Abstract:
The seat comprises panels made of ceramic matrix composite and assembled to one another by shape and by adhesion, either by interposition of an adhesive or else by condensification using the ceramic matrix material. The invention is particularly suitable for armored seats for helicopters.

Description:
The present invention relates to an armored seat, and particularly, but not exclusively, an armored seat for a helicopter. 
     BACKGROUND OF THE INVENTION 
     It is well known to make armoring by means of sintered ceramic tiles exposed to impact from projectiles and fixed on a support layer, generally constituted by bonded-together laminations of fiber texture. 
     Document EP-A-0 293 786 proposes simplifying the structure and manufacture of a seat by replacing ceramic tiles with a limited number of monolithic ceramic pieces capable of having faces formed by a plurality of planes or by curved portions. The object of the present invention is likewise to provide a seat of simplified structure and manufacture, while nevertheless constituting highly effective protection. 
     SUMMARY OF THE INVENTION 
     According to the invention, this object is achieved by the seat comprising an assembly of ceramic-matrix composite panels assembled to one another by their shapes and by adhesion. 
     Ceramic-matrix composites (CMC) are constituted by a fiber reinforcing texture or &#34;fiber preform&#34; which is densified by a ceramic matrix. For example, the reinforcing texture may be constituted by layers of cloth made of refractory fibers such as carbon fibers or ceramic fibers. The ceramic matrix is infiltrated into the pores of the reinforcing texture. The matrix may be formed by chemical vapor infiltration or by liquid impregnation using a precursor for the ceramic of the matrix followed by treatment for transforming the precursor into a ceramic. Methods of manufacturing CMCs having a carbide matrix (e.g. silicon carbide) or an oxide matrix (e.g. alumina or zirconia) are described, in particular, in Documents FR-A-2 401 888 and EP-A-0 085 601. 
     With a residual porosity that is generally 10% to 15% by volume, CMCs have properties of hardness and of compression strength which enable them to shatter the core of a high velocity projectile, as do the sintered ceramics used in prior art armor. However, compared with such sintered ceramics, CMCs have several advantages. 

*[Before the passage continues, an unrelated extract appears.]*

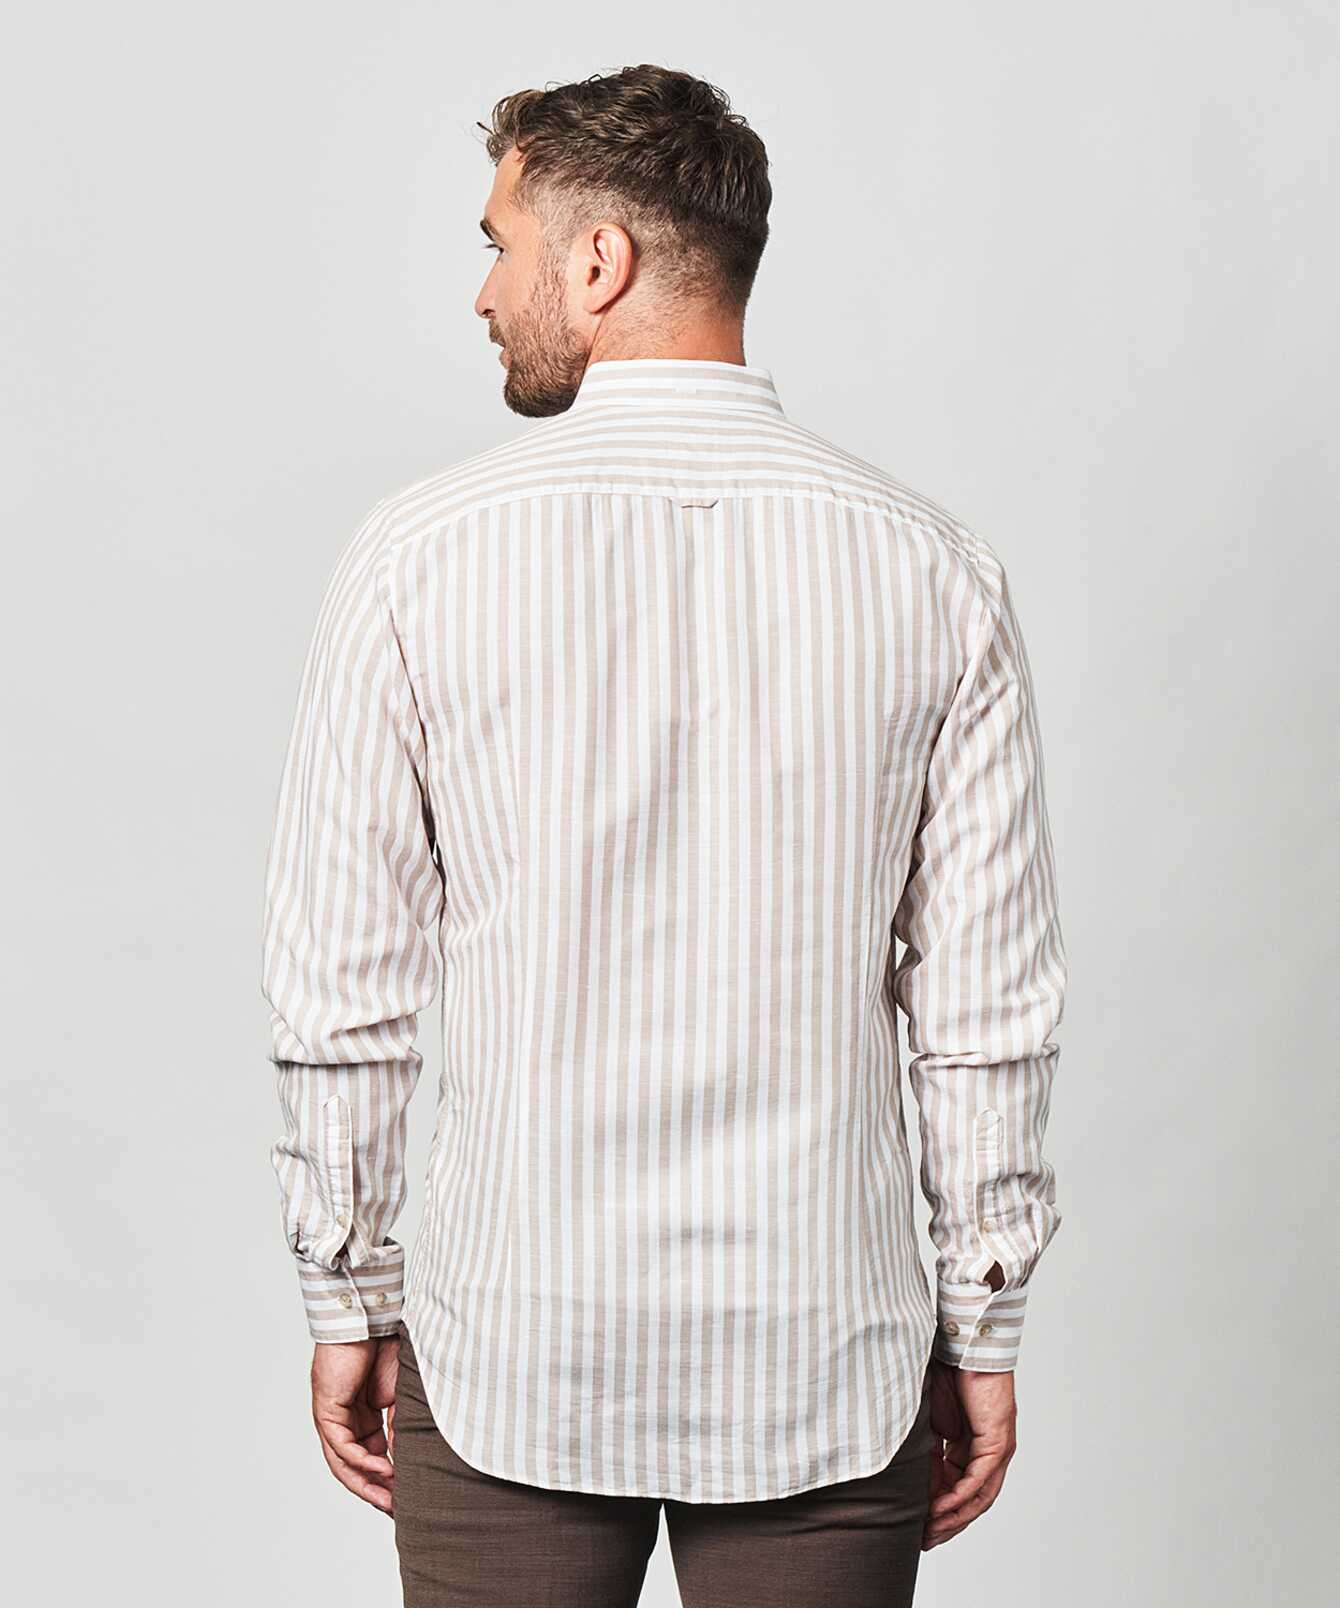 Shirt Linen Stripe Beige The Shirt Factory
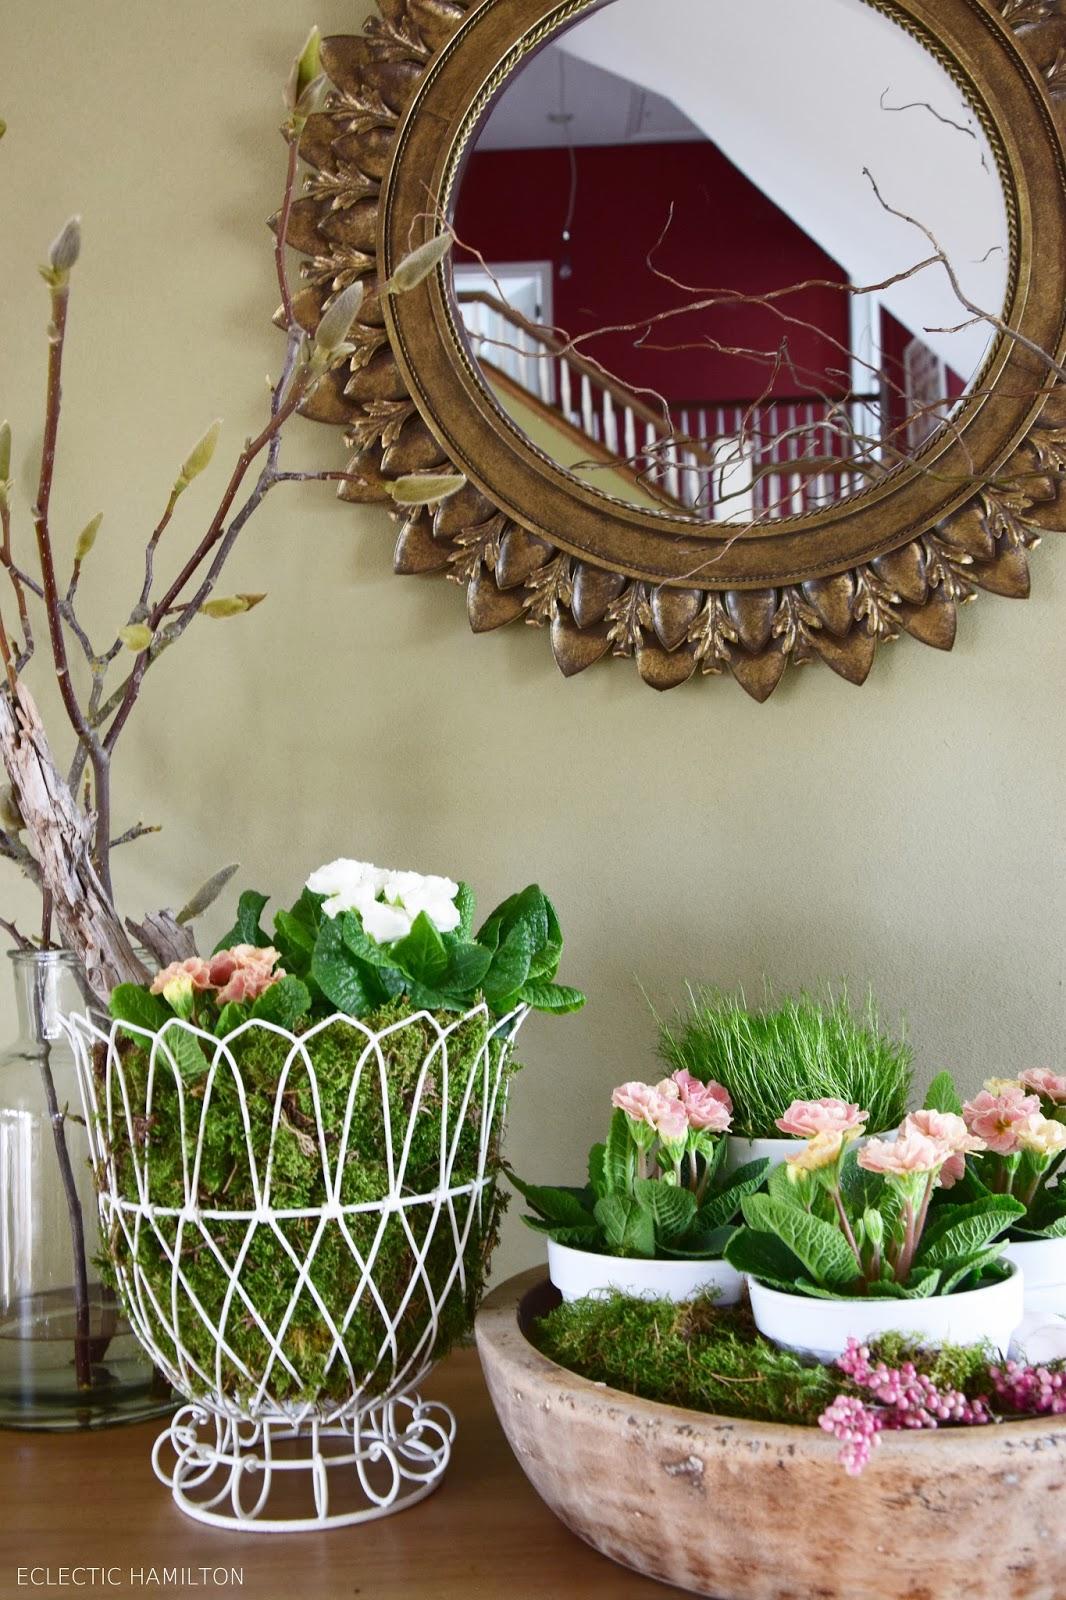 Dekoideen Frühling für Sideboard und Konsole Wohnzimmer. Natürliche Deko, DIY, Dekoration

     Thus, CMCs combine a structural function with their protective function. They can be used to make parts of relatively large dimensions which are capable of withstanding several impacts without being totally destroyed. This makes it possible to limit the number of panels that need to be assembled together to constitute a seat, and to shape the panels to satisfy ergonomic requirements. It also makes it easy to shape panels so that they can be assembled by virtue of their shapes, for example by giving them mortise and tenon type shapes. 
     In addition, the kinetic energy of a projectile is absorbed within CMCs by their fibers becoming separated from the matrix, by their porosity collapsing, and by the fibers of the reinforcing texture bending in response to an impact. As a result, the kinetic energy of a projectile is absorbed with very little deformation of the opposite or &#34;rear&#34; face of the protective material, thereby avoiding secondary effects. This constitutes a significant advantage compared with conventional materials comprising laminations of cloth behind a &#34;front&#34; layer made up of sintered ceramic parts, since the impact of a projectile on the &#34;front&#34; of such prior art materials gives rise to relatively large deformation of the rear face and in some cases this can seriously reduce the protective effect.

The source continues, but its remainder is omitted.